In this large population-based cohort study of older adults, we found that receiving a new NSAID prescription (with a supply >14 days) was associated with a higher 30-day risk of AKI and hyperkalemia compared with no prescription NSAID use. However, absolute 30-day risks of AKI and hyperkalemia after NSAID initiation were low (<1%). Since only 15% of people received serum creatinine and potassium tests within a 30-day follow-up, the true incidence of AKI and hyperkalemia in this population is likely higher. We also found that NSAID users did not have a higher risk of 30-day mortality. This was likely because the majority of the adverse outcomes were mild: 79% of AKI events were stage 1 and 63% of people with hyperkalemia had serum potassium values from 5.5  to 6 mEq/L. Therefore, prescription NSAID use may be safe for many older adults, but given the higher relative risk, providers should still use caution and assess individual risk when considering NSAID prescriptions for older adults.

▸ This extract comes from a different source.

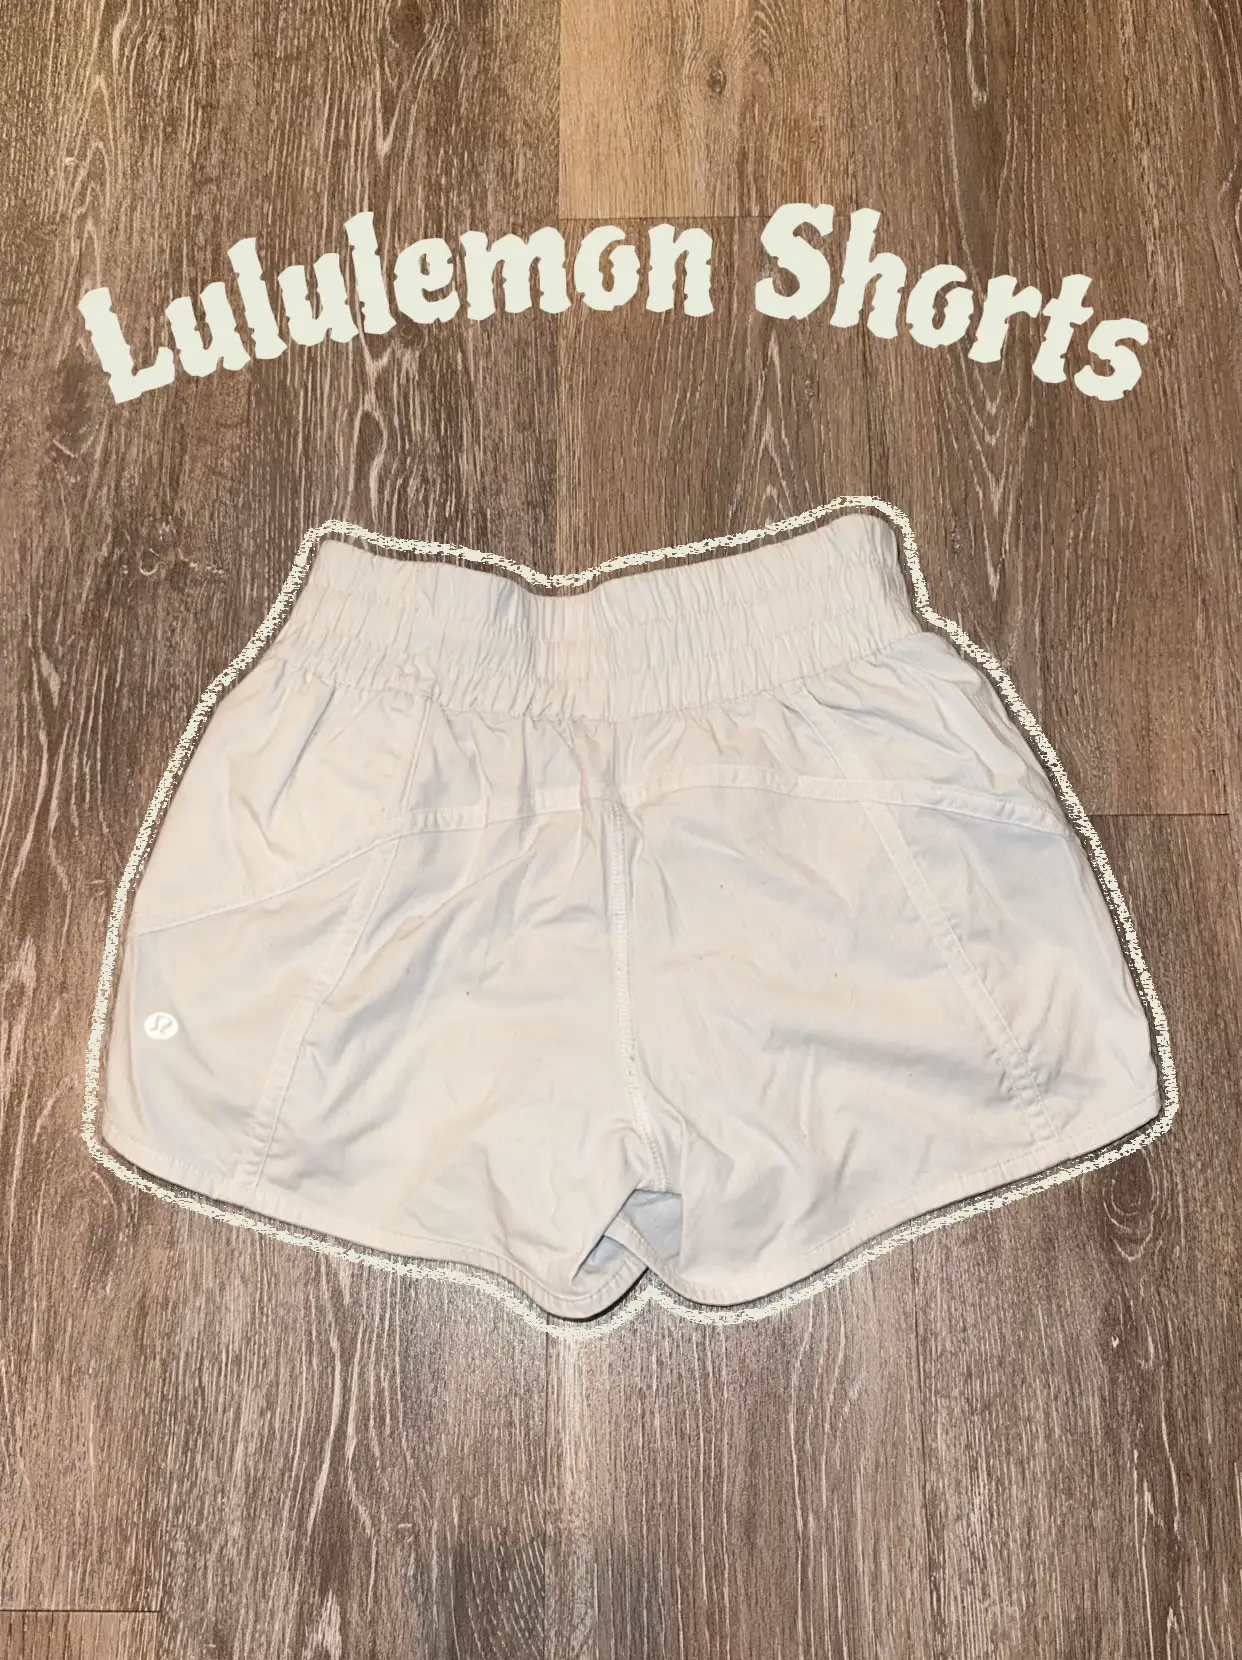 Lululemon Shorts Dupe Dhgate Scam

A systematic review and meta-analysis by Zhang et al. [13], examining 1.6 million people from 10 case–control studies, showed that NSAID use versus nonuse was associated with 70% greater odds of developing AKI [13]. Similarly, we found a 40% greater relative risk of AKI with NSAID use compared with nonuse. A recent population-based retrospective cohort study from Ontario, Canada of older patients with CKD, congestive heart failure or hypertension found a new NSAID prescription compared with no such prescription was not associated with a higher risk of hospitalization with AKI, hospitalization with hyperkalemia or death within 30 days of prescription date [46]. However, these authors used diagnosis codes to define hospitalization with AKI and hyperkalemia, which are known to have low sensitivity compared with laboratory data [47, 48].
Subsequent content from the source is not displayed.